I believe that if I hear the music in my heard as I play, I would have a clear direction of what I wanted to express and could have perform much better. So, I agree with you.
However, I was also affected by my nervousness and wasn’t 100% concentrating in the music. I was taking notice when the examiner was looking up, when he was looking down again writing his comments…. silly me!
but if you practice as I mention (as well a smyriad other ways...) then yoiu leanr to recognize that two things cannot exist simul;taneously as you perform. Your focus is on the music in your head and the nervousnes shas no place to exist.

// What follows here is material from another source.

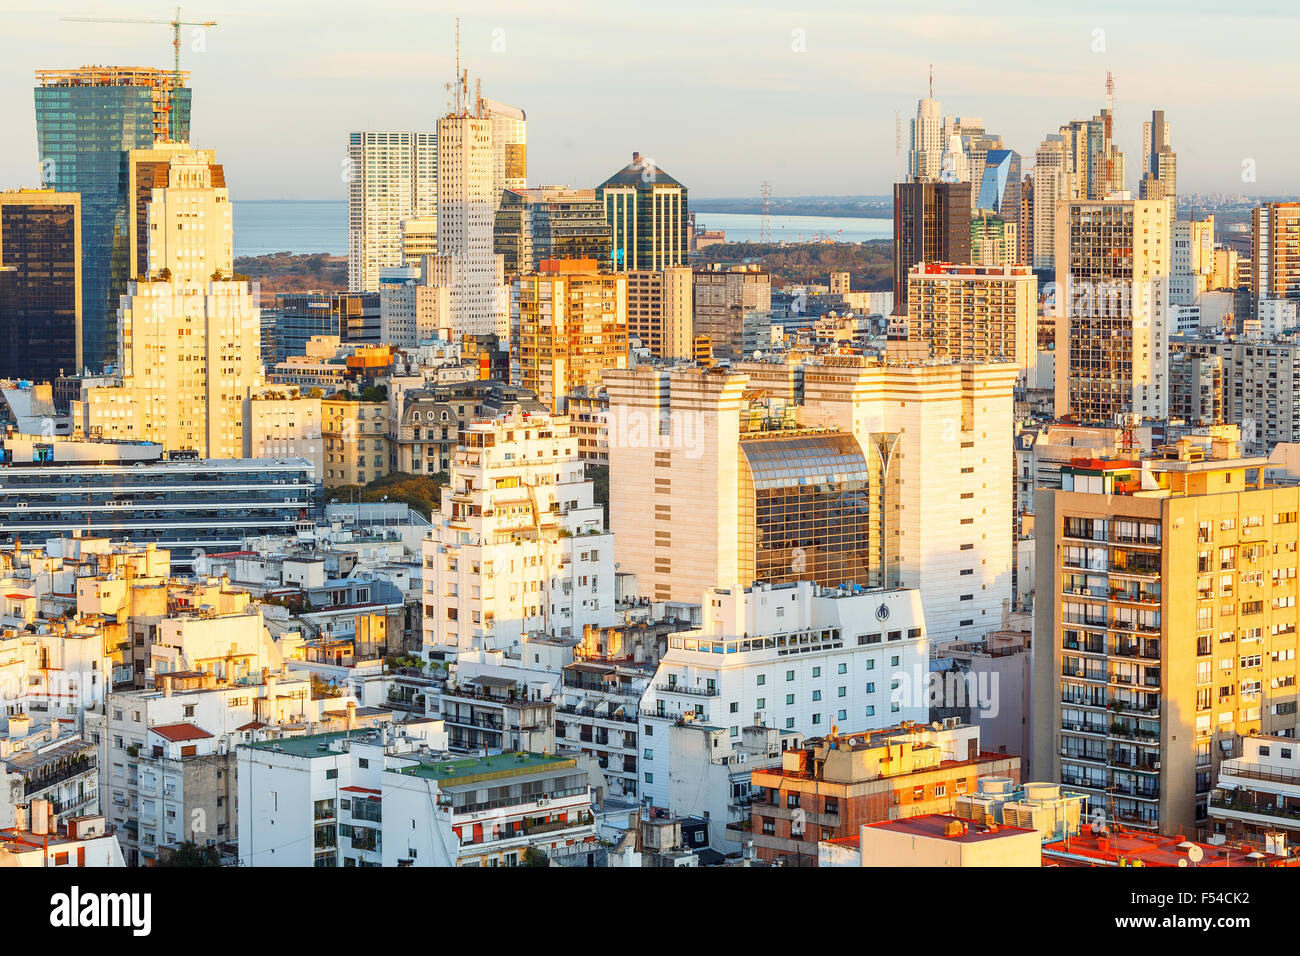 Buenos Aires Skyline High Resolution Stock Photography and Images - Alamy

Incidnetally, if you wnat to get a more consistent vibrato in the cantelina you might find it helpfukl to break what I consider a fairly importnat rule. taht is, watch your left hand to see the vibrato continues. Usually I am against watching the left hand at all.
Why is watching the hand mot a good idea?
From Ben Clapton
Posted on September 20, 2006 at 8:27 AM
Buri, if I ever meet you, I must buy you a drink. You always have something extreemly useful to say, and even though you don't know what's going on in my life, it always seems to be just what I'm looking for at that time.
How does prune juice sound?
"The brain has so much time to process all the complex data necessary that memorizing is automatic"
I love this statement! So true
And that is why you should practice slowly.
Your insights are always very useful. :)
Hey Buri. You know I used to keep a folder of print-outs of your wisdoms? I found it when I was organizing my music library this summer. You do have useful things to say! Anyhow. Can I print this off and hang in on the "strings" board at MTSU? Would it be offensive if I corrected the typos? He he. I know your brain just works so incredibly fast that for the fingers to keep up all the time!
From bill Pratt
Posted on September 20, 2006 at 8:32 PM
How do you get intelligble spelling working from a hirigana keyboard anyway?
watching the left hand triggers the wrong brain think and generally screws you up. The main point of observation within a wide but soft field of vision is the point of contact of the bow.
Of course there are some excpetions to this but in this instance I have only ever come across one top clas splayer who watches the left hand- Oleg Kryla.
From Karin Lin
Posted on September 20, 2006 at 9:55 PM
Ditto what Ben and Jennifer said, Buri. I know that my biggest obstacle to efficient practicing is my tendency to go on "auto-pilot" and have the notes go from paper to fingers to ear without ever going through my brain
. Sometimes I play a whole page before realizing that I have no idea what I've played or how well in tune and rhythm it was.
My teacher, a former student of Burton Kaplan, always says, "Make it your own" whether it's about scales or etudes or pieces. You need to improvise, mess around with it, do whatever it takes so that you are conscious of what you are doing.
I agree with all above posts. Great insight! One more thing to add to my daughter's practice.
In all seriousness and with all due respect, have you ever considered writing a book? Or moving to LA so I can at least apply for lessons?